Namun Alkitab jelas mengajarkan konsep yang sangat bertentangan dengan Konfusianisme di mana Alkitab dengan jelas bahwa manusia dikandung di dalam natur dosa asal (Rm. 3:23; Mzm. 51:7), sehingga manusia mustahil berbuat baik apalagi memiliki karakter sempurna seperti yang dipercayai oleh Konfusianisme. Dosa bukan sekadar kesalahan, tetapi perlawanan sengaja terhadap Allah dan akibatnya adalah maut atau kematian (Rm. 6:23). Mengapa? Karena dosa adalah melawan Allah yang kekal, sehingga dosa itu bersifat kekal dan akibatnya pun juga kekal. Solusi terhadap dosa bukan sekadar beretika, tetapi Allah mengutus Kristus mati menebus dosa umat pilihan-Nya, sehingga mereka terlepas dari kuasa dosa dan beroleh hidup kekal (Yoh. 3:16). Allah menyelamatkan umat-Nya dengan tujuan agar mereka hidup bagi Allah (2Kor. 5:15), salah satunya dengan menghadirkan Kerajaan Allah di mana pun dan kapan pun mereka hidup dan berkarya (Ef. 2:10). Dengan kata lain, Kristus menebus orang percaya agar orang percaya memiliki etika yang berpusat pada Allah. Namun etika yang berpusat pada Allah bukan etika yang manusia lakukan sepenuhnya, tetapi etika yang manusia lakukan berdasarkan anugerah Allah di dalam Kristus. Ini berarti bahwa fokus orang percaya beretika bukan menjadi orang percaya yang berkarakter sempurna, tetapi berfokus pada Kristus yang telah menebus orang percaya. Paulus menggambarkannya di 1 Korintus 15:10, “Tetapi karena kasih karunia Allah aku adalah sebagaimana aku ada sekarang, dan kasih karunia yang dianugerahkan-Nya kepadaku tidak sia-sia. Sebaliknya, aku telah bekerja lebih keras dari pada mereka semua; tetapi bukannya aku, melainkan kasih karunia Allah yang menyertai aku.” Anugerah Allah mendorong Paulus bekerja lebih keras bagi Allah, namun ketika ia bekerja keras, itu bukan dia yang bekerja, tetapi anugerah-Nya yang memampukannya. Paulus sedang mengajarkan konsep “dari anugerah kepada anugerah.” Konsep ini menyadarkan kita bahwa apa pun yang kita kerjakan fokusnya bukan agar kita semakin berkarakter sempurna, tetapi agar Allah dimuliakan.
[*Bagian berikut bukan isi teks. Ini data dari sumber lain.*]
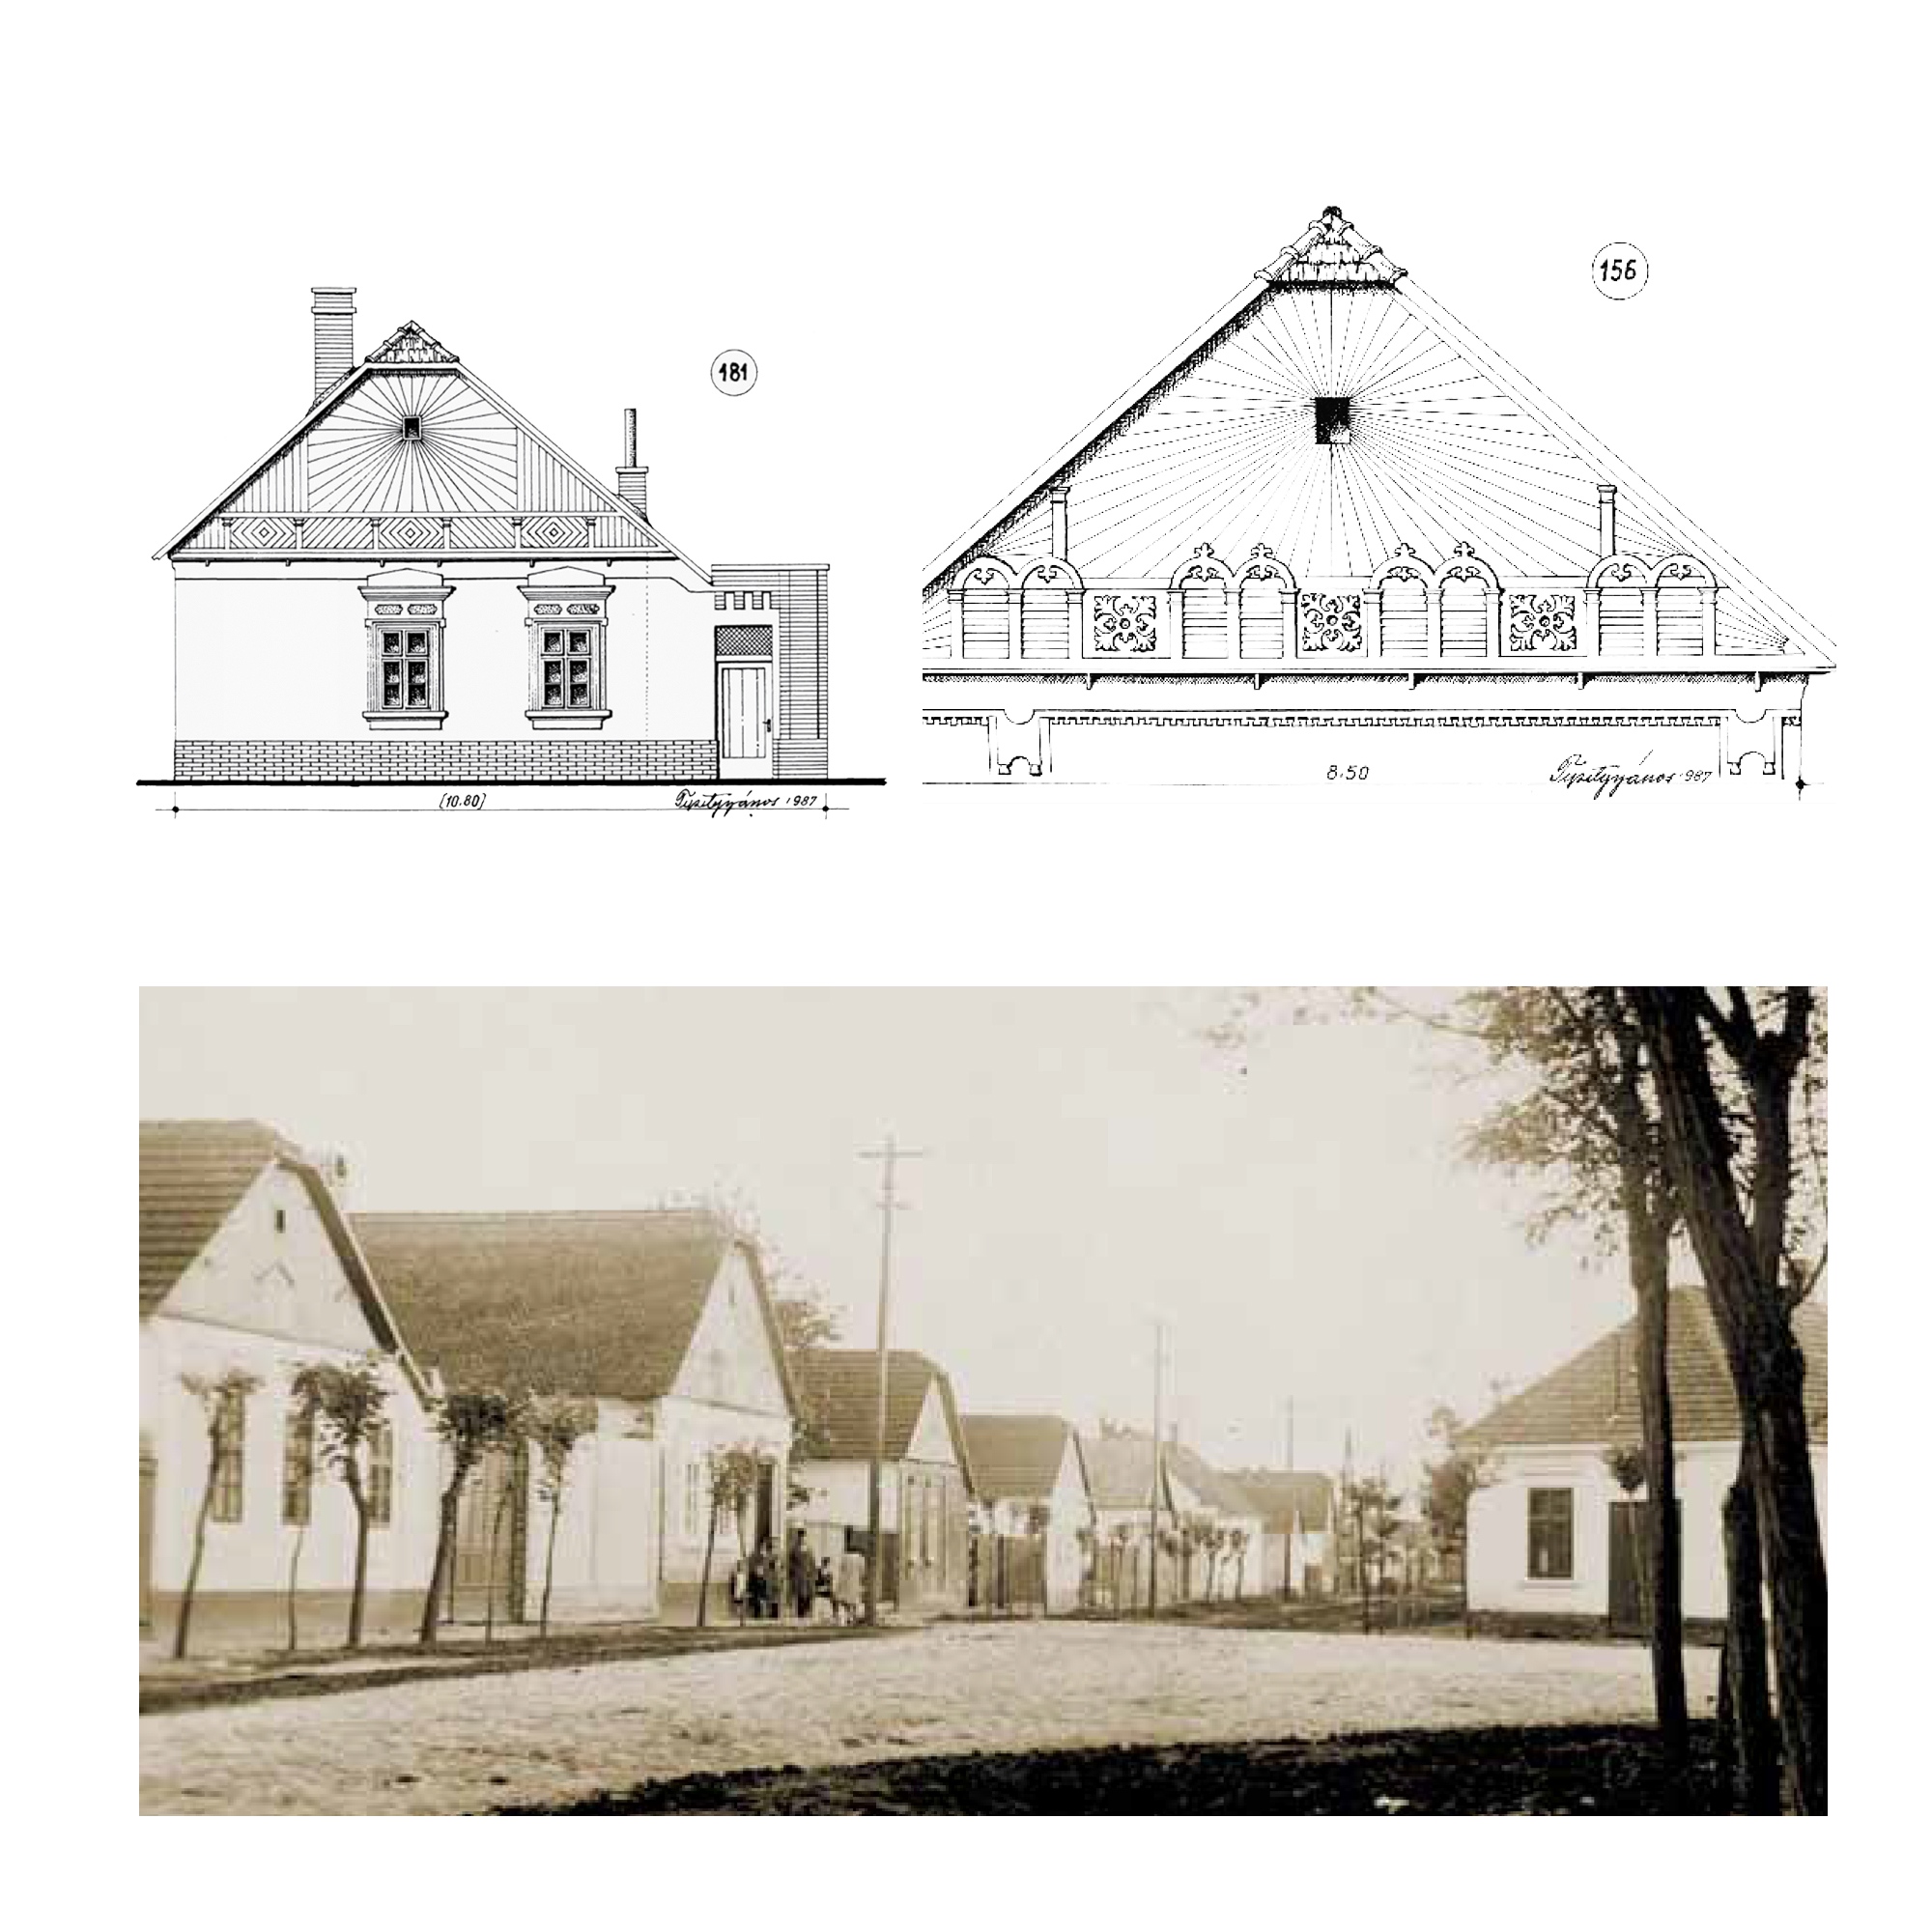 Az úgynevezett napsugaras házak a 18. század végétől épültek a környéken

Dari sini, kita bisa menarik kesimpulan bahwa ketika ada baby boomers Tionghoa Kristen yang belum memahami iman Kristennya perlu diinjili ulang agar mereka memahami Injil dan menerapkannya dalam kehidupan mereka sehari-hari secara konsisten. Injil bukan hanya untuk orang-orang yang belum percaya, tetapi bagi orang yang mengaku diri “percaya,” tetapi tidak sungguh-sungguh percaya.
Kesimpulan
Dari penjelasan di atas, saya tidak sedang mengeneralisasi semua baby boomers Tionghoa Kristen pasti imannya salah karena saya percaya pasti ada beberapa baby boomers Tionghoa Kristen yang benar-benar mengerti iman Kristennya dan menerapkannya dengan bijaksana. Yang saya ingin tekankan adalah apakah baby boomers atau kaum milenial Tionghoa yang berani mengaku diri Kristen benar-benar memahami imannya dan menerapkannya dan tidak mencampurnya dengan filsafat Konfusianisme yang beberapa konsepnya bertentangan dengan Alkitab. Hal ini tidak berarti semua filsafat Konfusianisme ditolak karena seperti yang telah kita pelajari di atas, ada beberapa atau mungkin banyak perkataan Kong Zi yang patut dihargai bahkan menjadi refleksi bagi orang Kristen, namun tentu saja ada beberapa konsep utama Kong Zi lainnya harus diuji berdasarkan Alkitab. Amin.